For each record that follows, restate the text exactly and drop the pictures.
[Entries supplied — start]
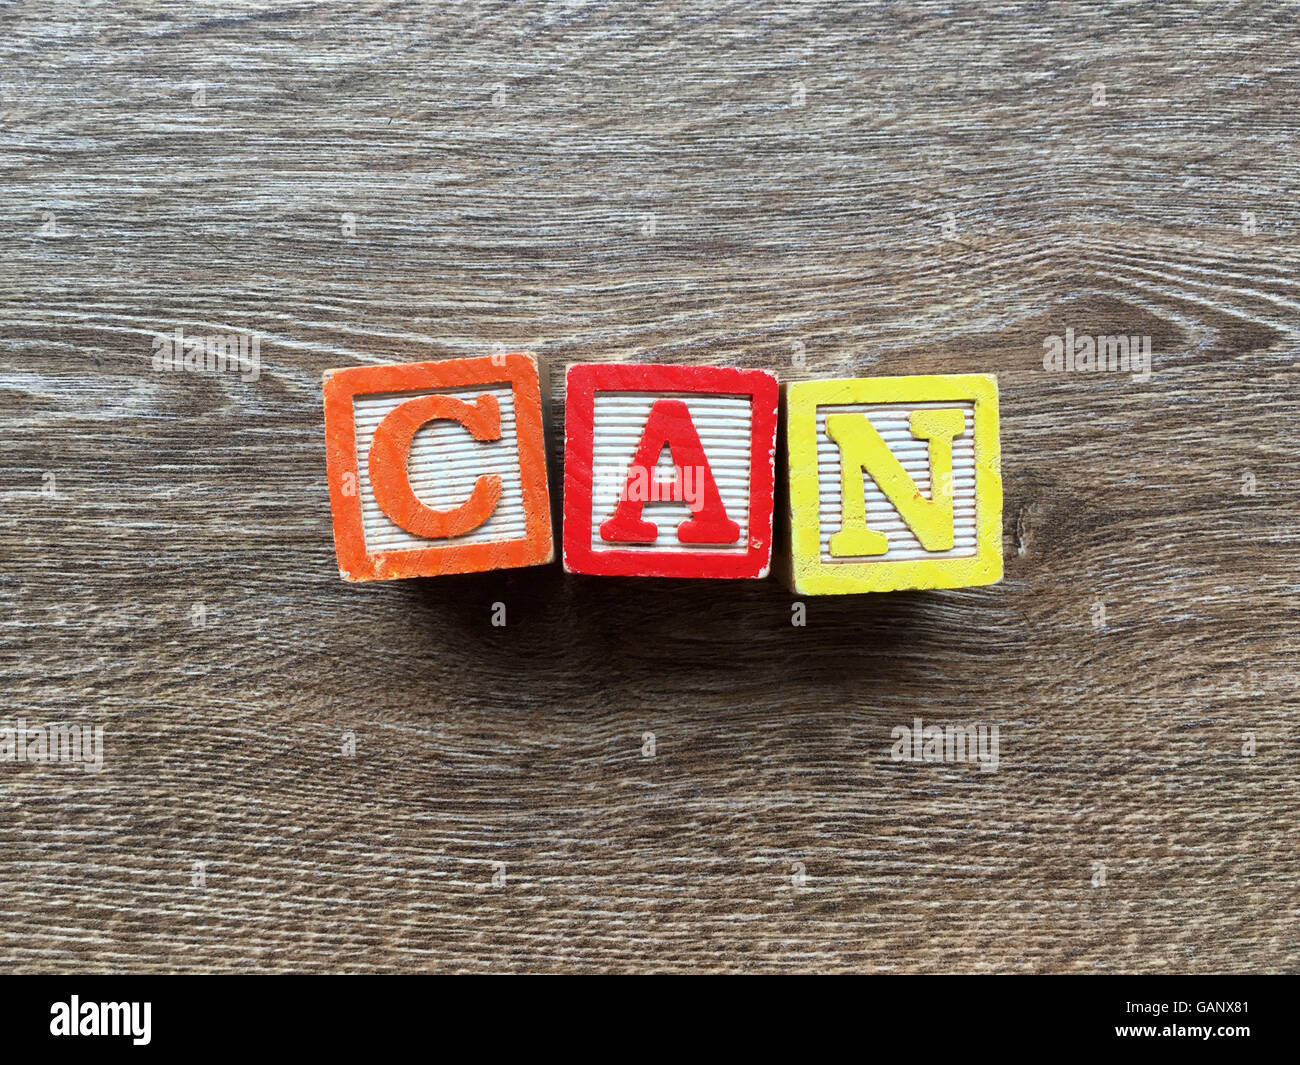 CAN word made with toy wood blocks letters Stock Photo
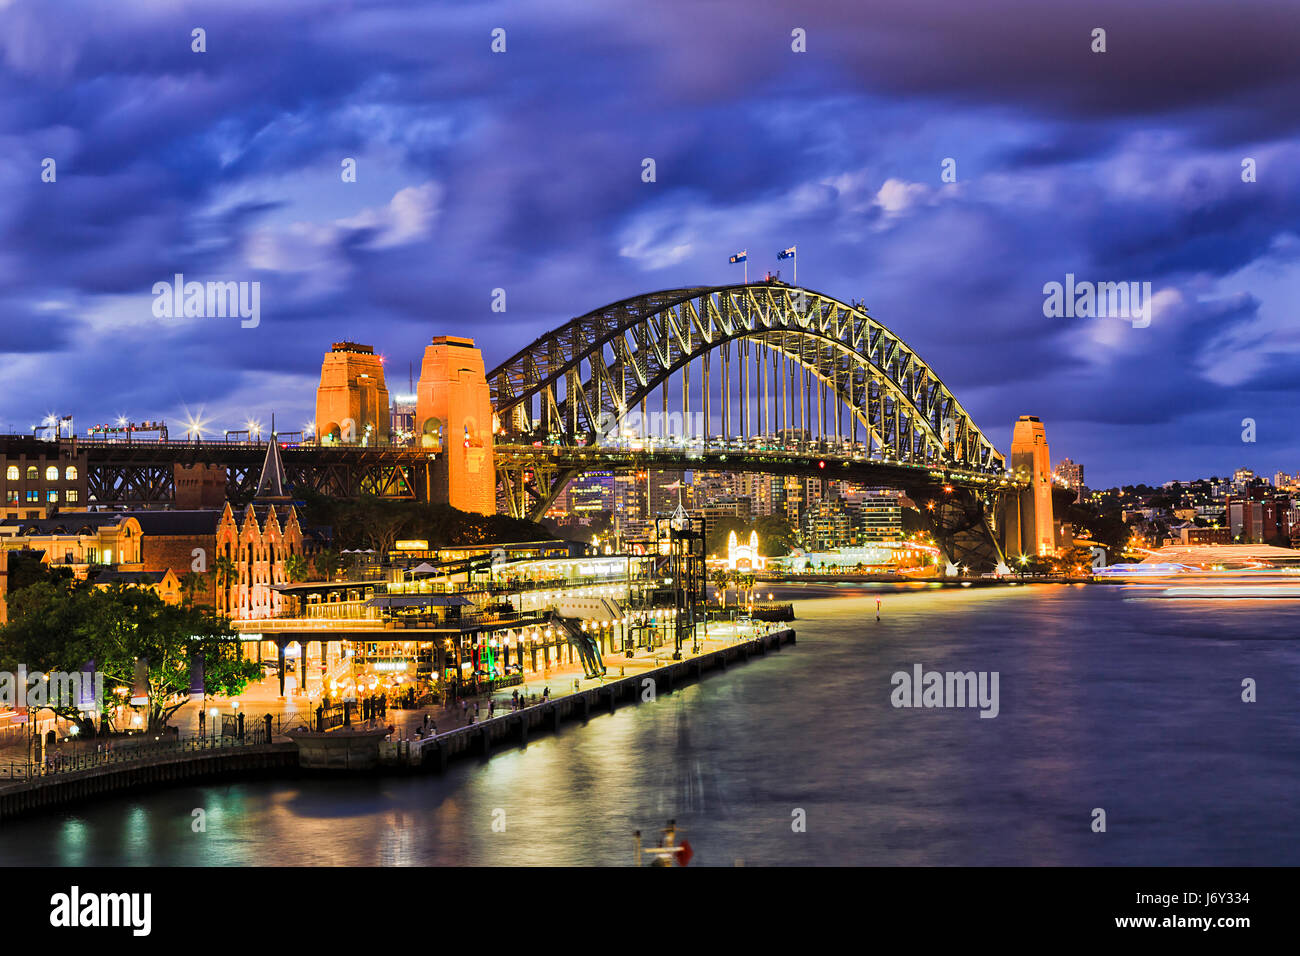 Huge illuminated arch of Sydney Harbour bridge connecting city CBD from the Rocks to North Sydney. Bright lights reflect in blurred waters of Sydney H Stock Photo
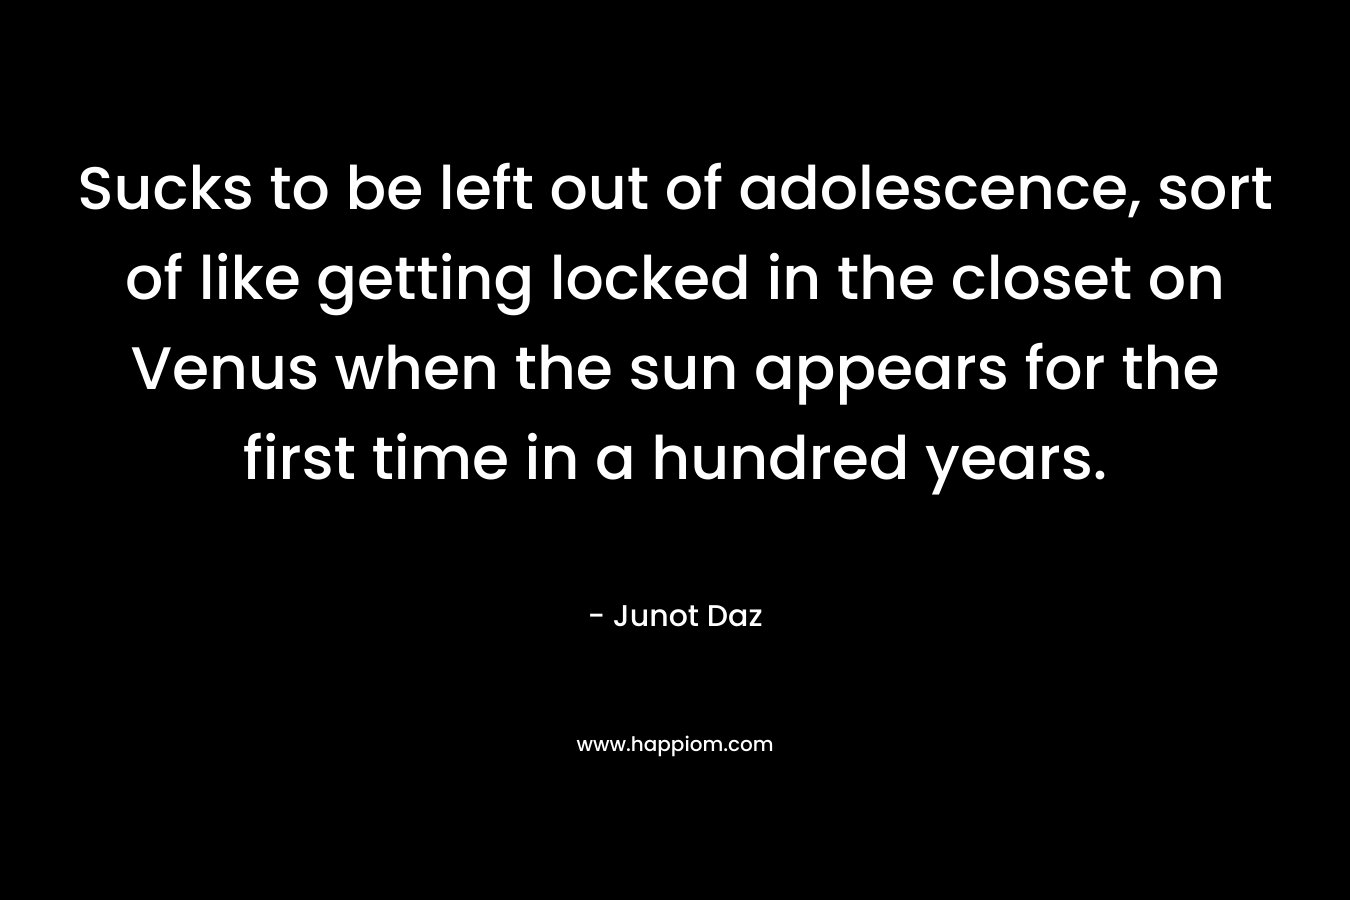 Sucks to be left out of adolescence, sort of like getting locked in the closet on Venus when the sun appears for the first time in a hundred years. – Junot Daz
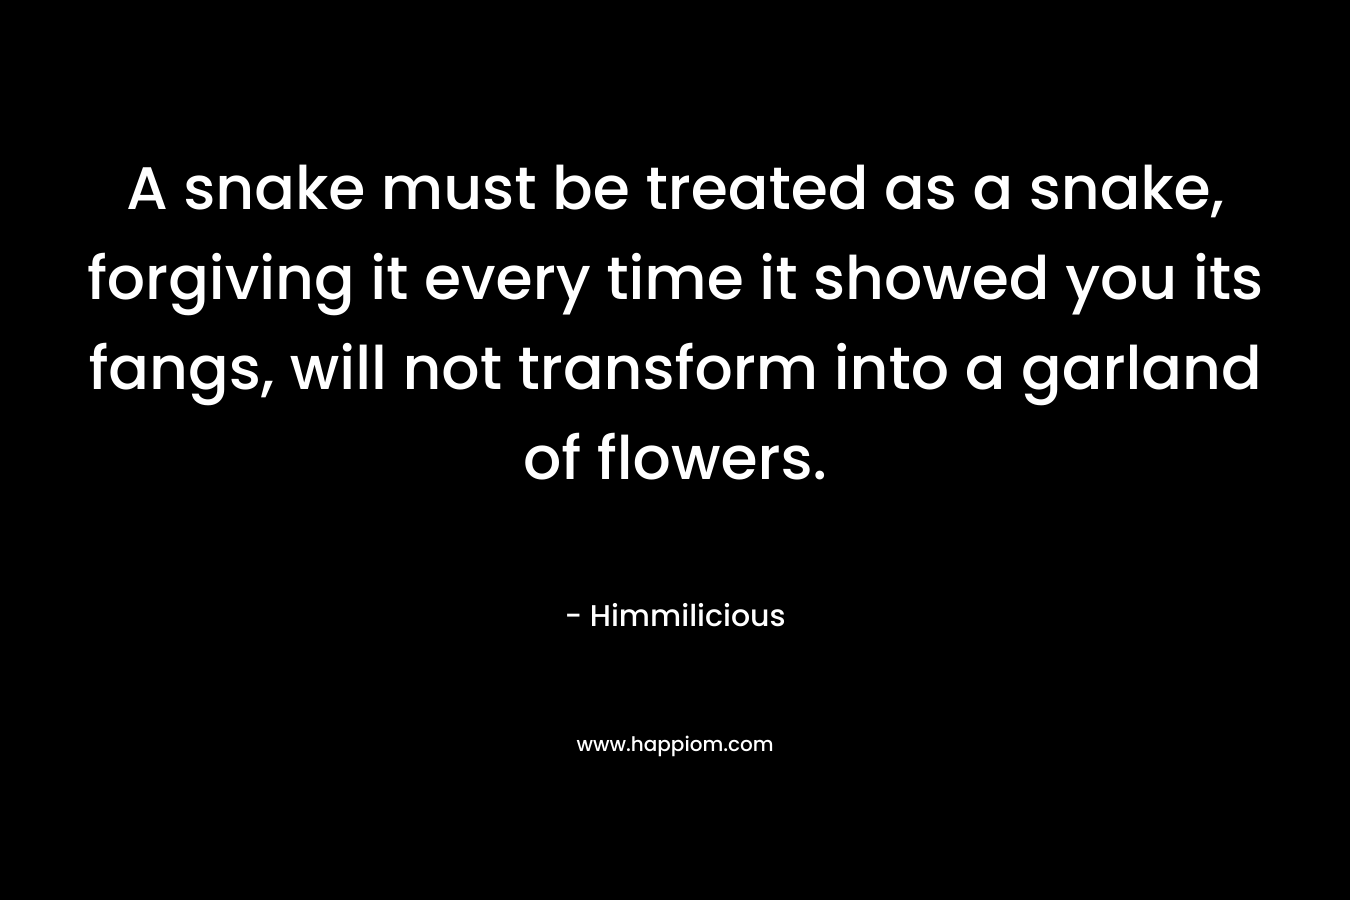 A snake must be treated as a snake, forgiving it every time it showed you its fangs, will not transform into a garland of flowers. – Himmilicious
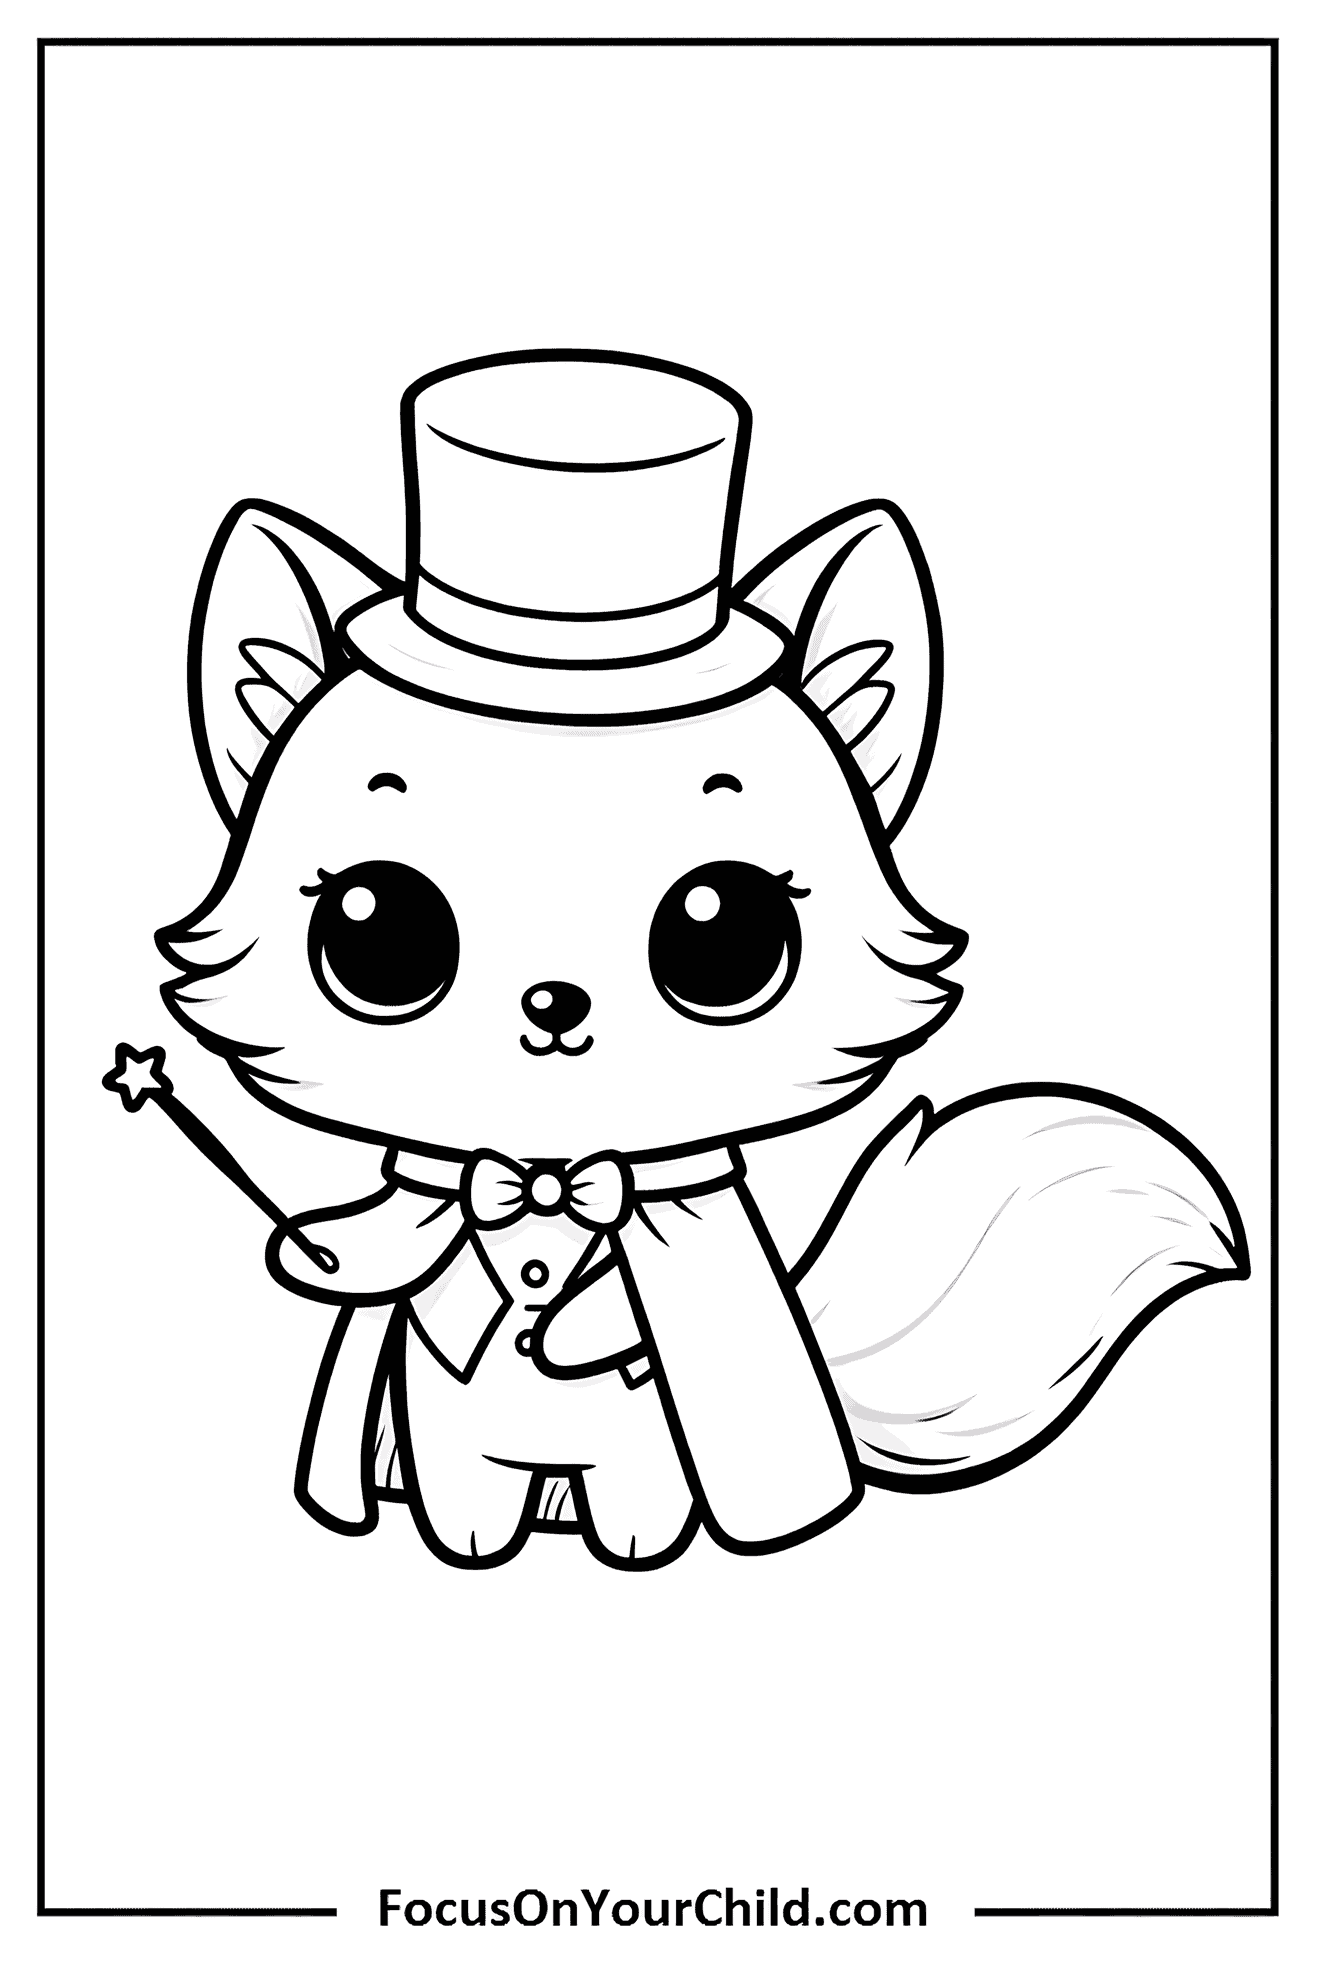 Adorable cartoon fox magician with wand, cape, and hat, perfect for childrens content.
[Entries supplied — finish]
◆ **Answer to this task**:
 CAN word made with toy wood blocks letters Stock Photo
 Huge illuminated arch of Sydney Harbour bridge connecting city CBD from the Rocks to North Sydney. Bright lights reflect in blurred waters of Sydney H Stock Photo
 Sucks to be left out of adolescence, sort of like getting locked in the closet on Venus when the sun appears for the first time in a hundred years. – Junot Daz
 A snake must be treated as a snake, forgiving it every time it showed you its fangs, will not transform into a garland of flowers. – Himmilicious
 Adorable cartoon fox magician with wand, cape, and hat, perfect for childrens content.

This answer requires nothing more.